Prove that $ ax^2+bx+c=0 $ has at least one root in $(0,1)$ if $10a+12b+15c=0$
Consider $x = \frac{10}{12}$:
$$\begin{align*} f\left(\frac{10}{12}\right) &= a\left(\frac{10}{12}\right)^2+b\left(\frac{10}{12}\right)+c\\ &= \frac{10}{144}\left(10a+12b+\frac{144}{10}c\right)\\ &= \frac{10}{144}\left(10a+12b+15c-\frac{6}{10}c\right)\\ &= -\frac{6}{144}c \end{align*}$$
And consider $x=0$:
$$f(0) = 0^2a + 0b + c = c$$
If $c\ne 0$, by intermediate value theorem, there must be an $x\in\left(0, \frac{10}{12}\right)\subset(0,1)$ which satisfies $f(x)= 0$.

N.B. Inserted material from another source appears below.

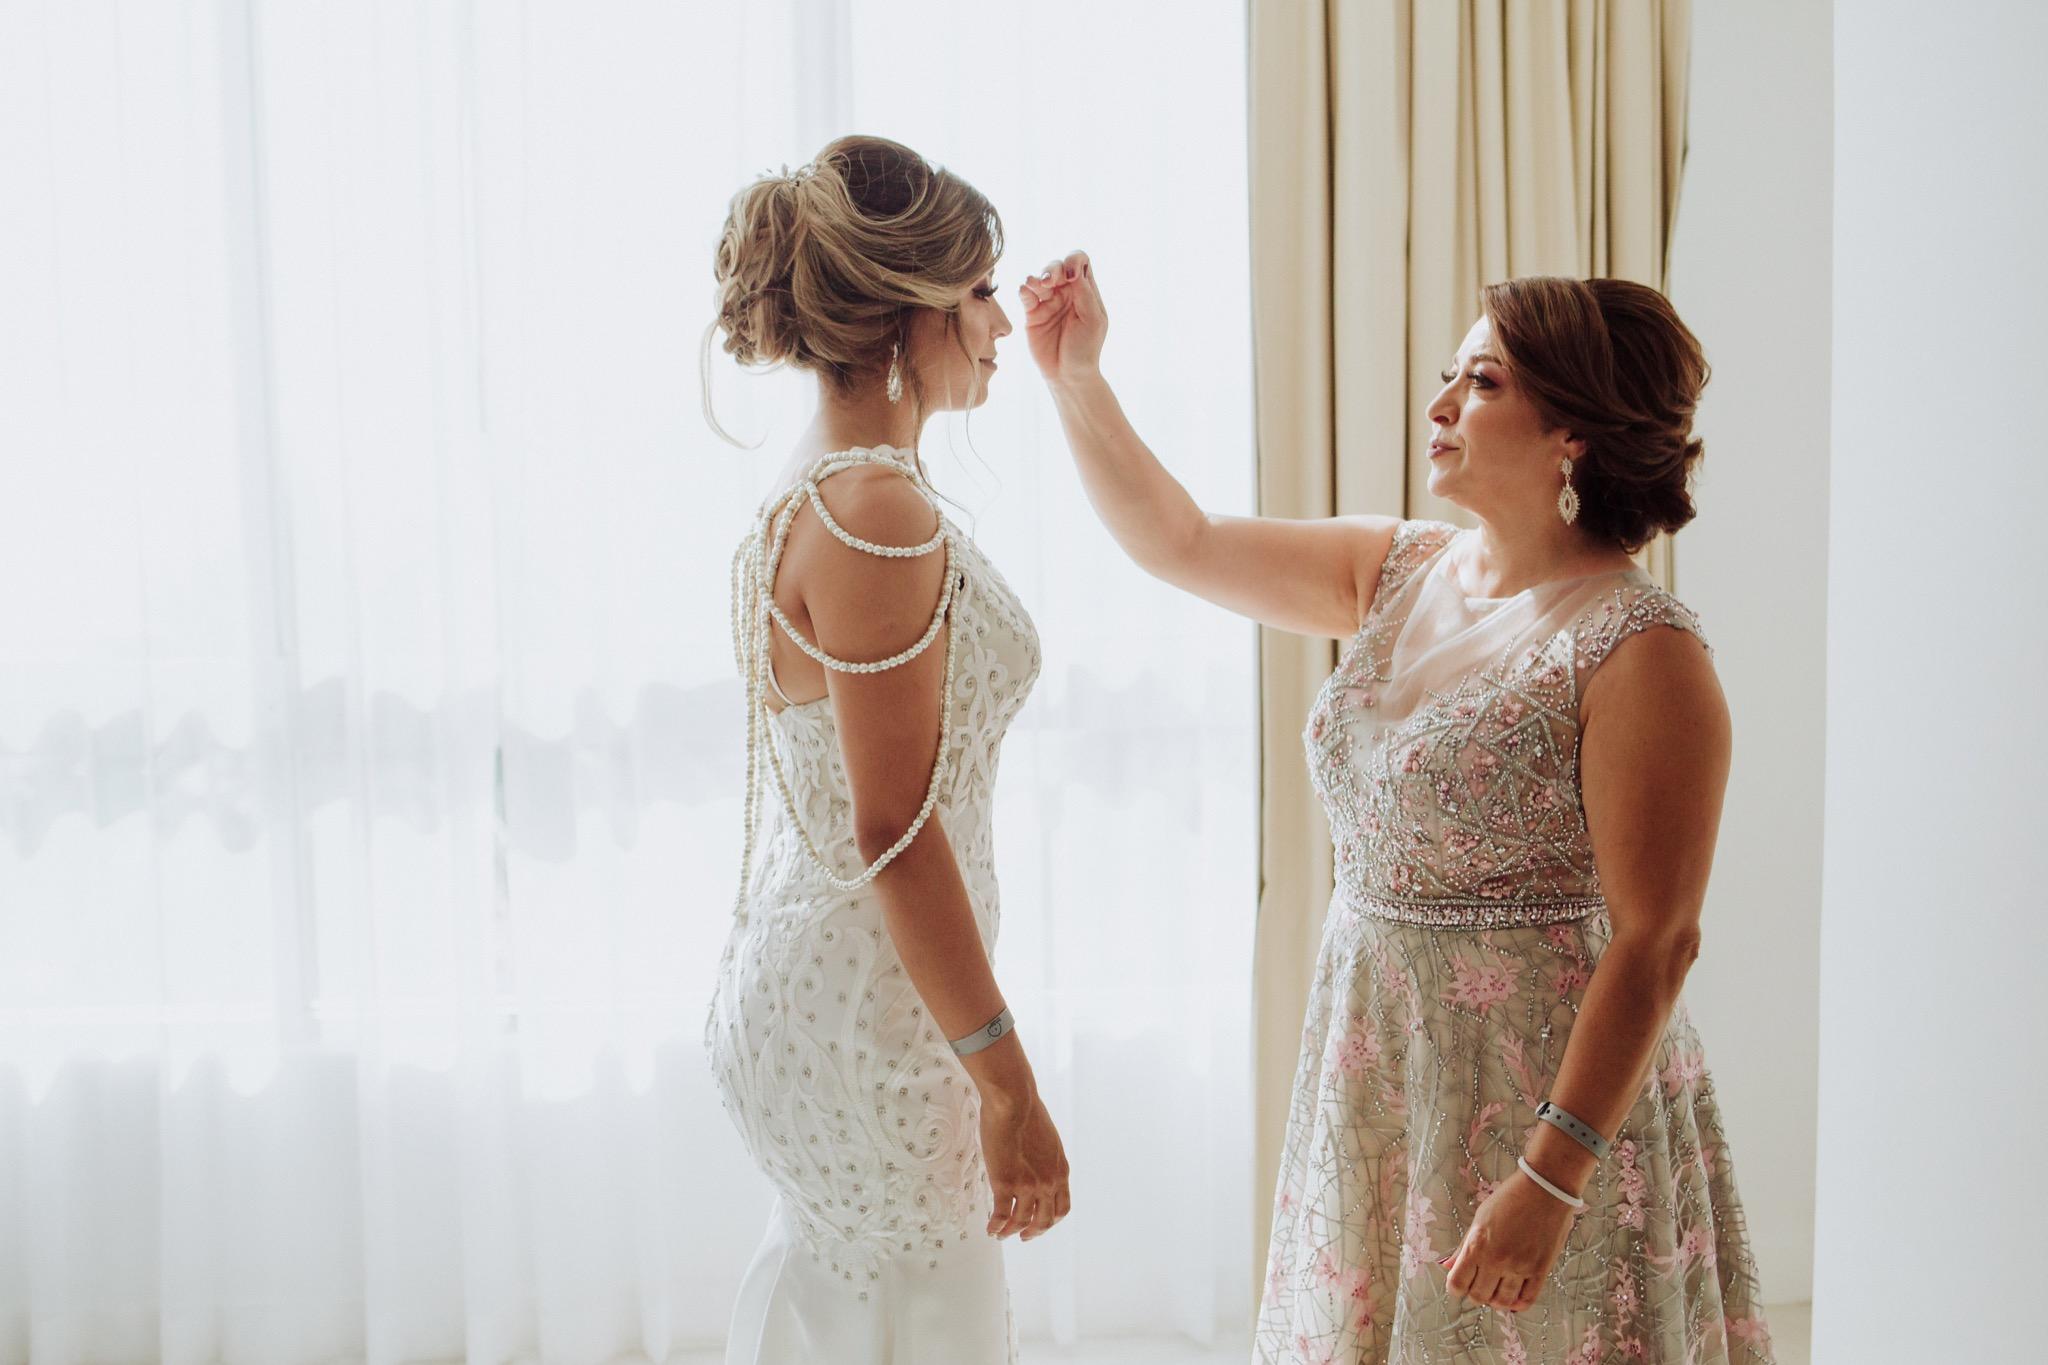 Javier_noriega_fotografo_bodas_profesional_zacatecas_mexico_mazatlan_sinaloa_photographer_weddings13
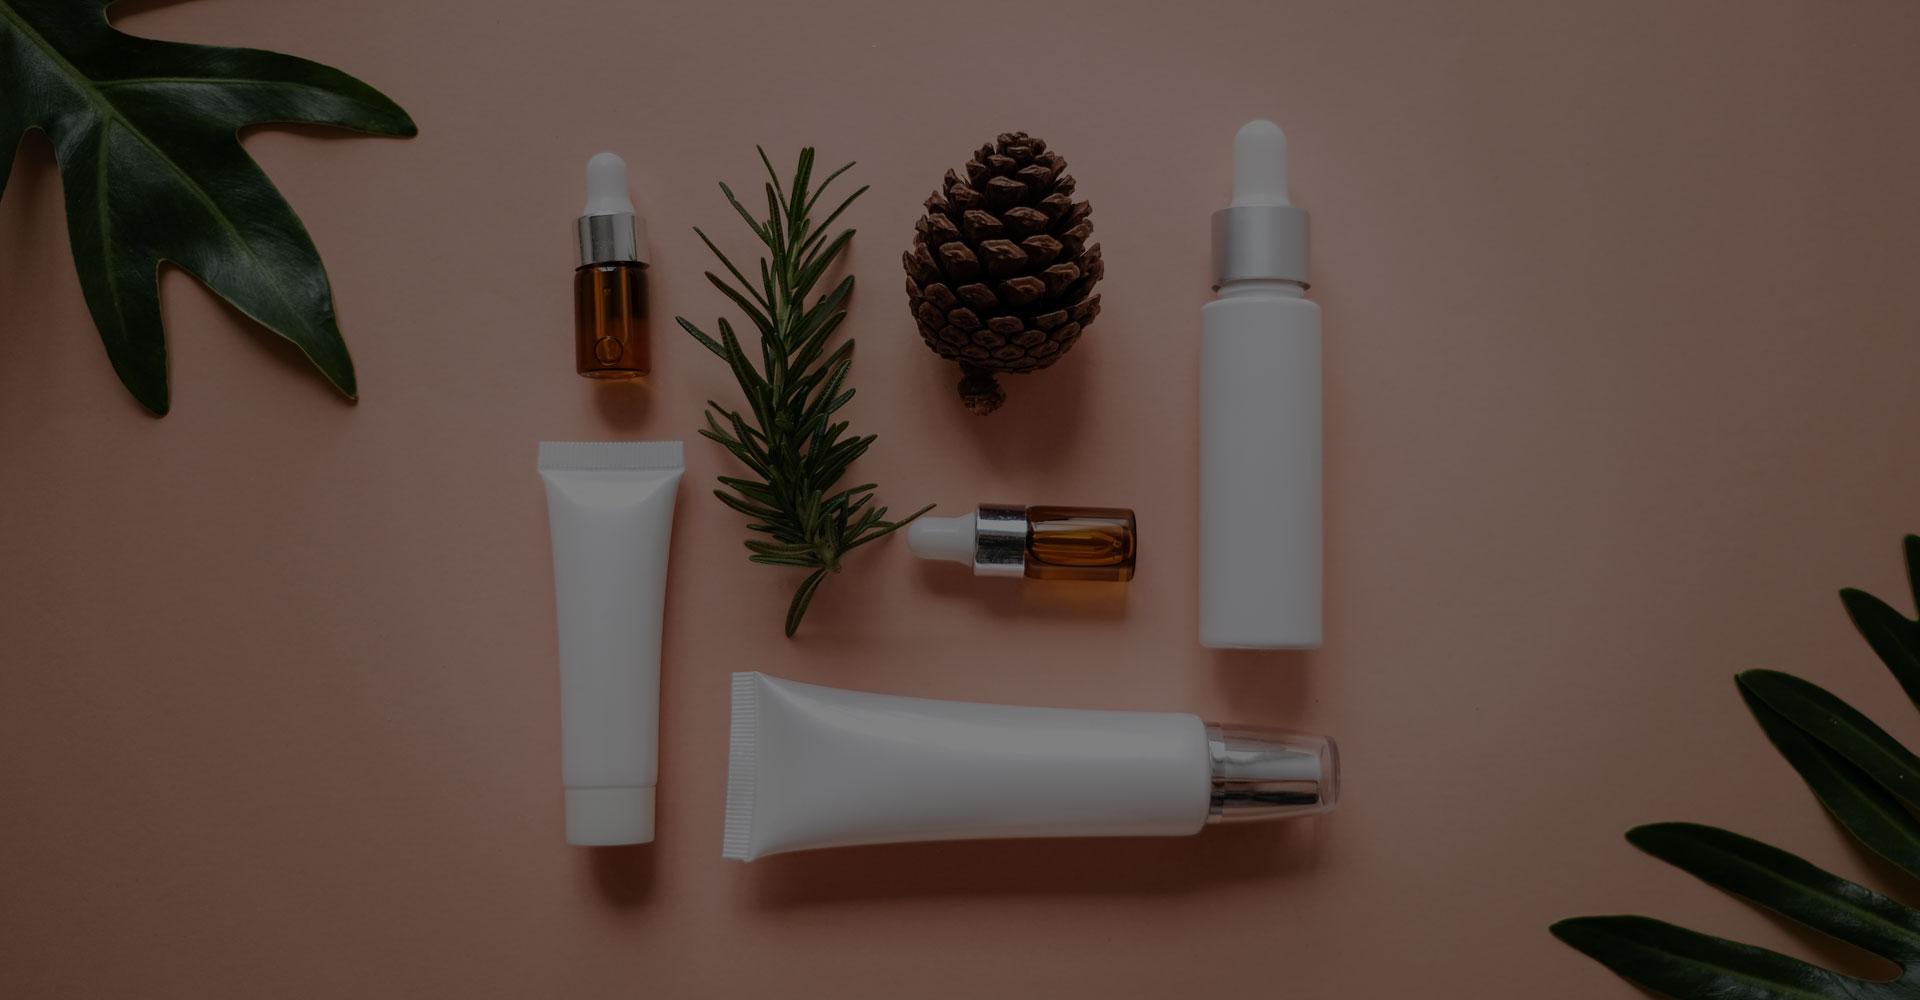 Le bio cosmetique naturel et equitable

If $c=0$, $\frac{10}{12}\in(0,1)$ is a root.
How I obtained $x = \frac{10}{12}$:
I assume $x = 12k$ and $x^2 = 10k$ for some real number $k$. By solving $10k = (12k)^2$, $k$ is chosen to be the non-zero root $k = \frac{10}{144}$, which appears as the multiplier above. And $x = 12k = \frac{10}{12}$.